Resiliency is something Jackson understands, it defines his long career in the dog-eat-dog music biz. He’s done it all, from playing bass with the 70s rock band Journey to touring and/or performing alongside names ranging from Herbie Hancock to Elton John. He produced for many top artists, and was a V.P. at Columbia and MCA Records.

“I’ve been lucky,” he says. “First, to play with some of the greatest jazz fusion guys. Then to recording with Aretha Franklin, Whitney Houston, Angie Bofill, and the list goes on.”

Everyone knows Aretha and Whitney, but not Bofill, a great voice and successful recording artist, primarily from early 1980s. Still, she was never a star. So, what creates a star? “You can see it in the idols who win,” he explains. “There are a lot of great singers. But will there ever be another ‘Let It Be?’ You see, it’s about the songs. You’ve gotta have amazing songs.”

Interestingly, he uses the same word, amazing, to describe his own pets, whose names aren’t Mariah, Aretha and Whitney. There’s the aforementioned newly adopted kitten, named Dawg. And there are three dogs, as in canines, Toshi, who he describes as “a small noisy terrier;” Bobbie, a little poodle, and a soft-coat Wheaten terrier named Buckley.

His kids are 9, 11 and 16 and they’re responsible for naming the dogs. “I think dogs take on the personalities of the people they live with,” he says. So, which dog is most like Randy? He doesn’t even have to think about the answer. “Buckley,” he responds in an instant. “He’s just like me; he’s cool, well-mannered, likes getting his hair done and is well-behaved.”

He continues, “Man, adopting one million cats. It can be done. It has to be. I mean it blew me away when I learned three of every four cats that enters a shelter doesn’t make it out alive.” Also, for each purchase of a 9Lives product, the company will donate one dollar to an animal charity.

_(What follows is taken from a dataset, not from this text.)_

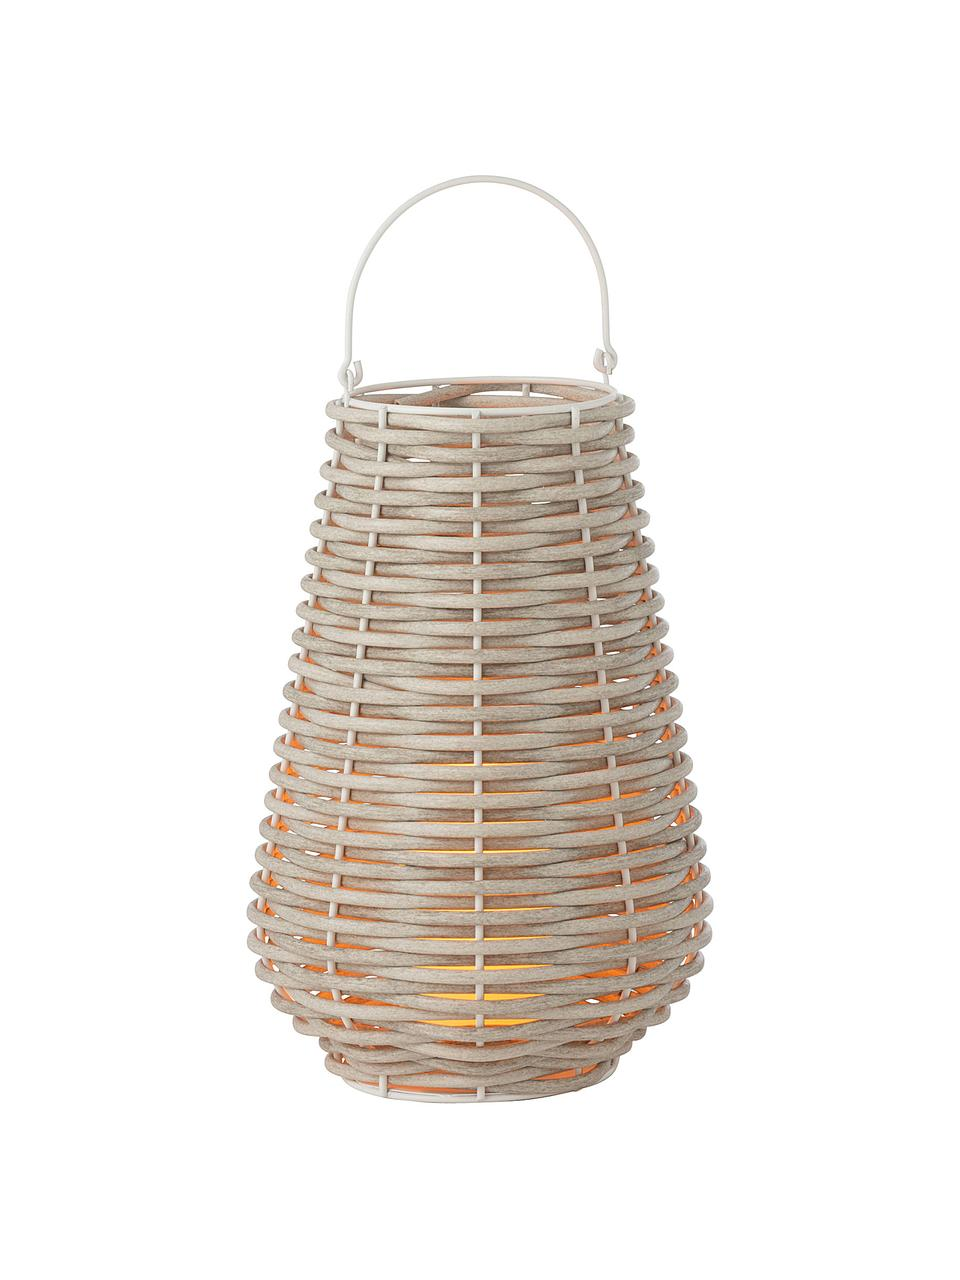 Latarenka ze świecą LED Wova, Beżowy, Ø 32 x W 62 cm

His fellow Idol judges Simon Cowell and Paula Abdul have repeatedly publicly professed their love of dogs. “They really do love dogs,” says Jackson. “How can you not love animals? Well Ryan (Idol host Ryan Seacrest) probably loves himself more. Yeah, Simon does love animals, but you know he loves himself more. Who can’t love an animal, dude? If you don’t, something’s wrong.”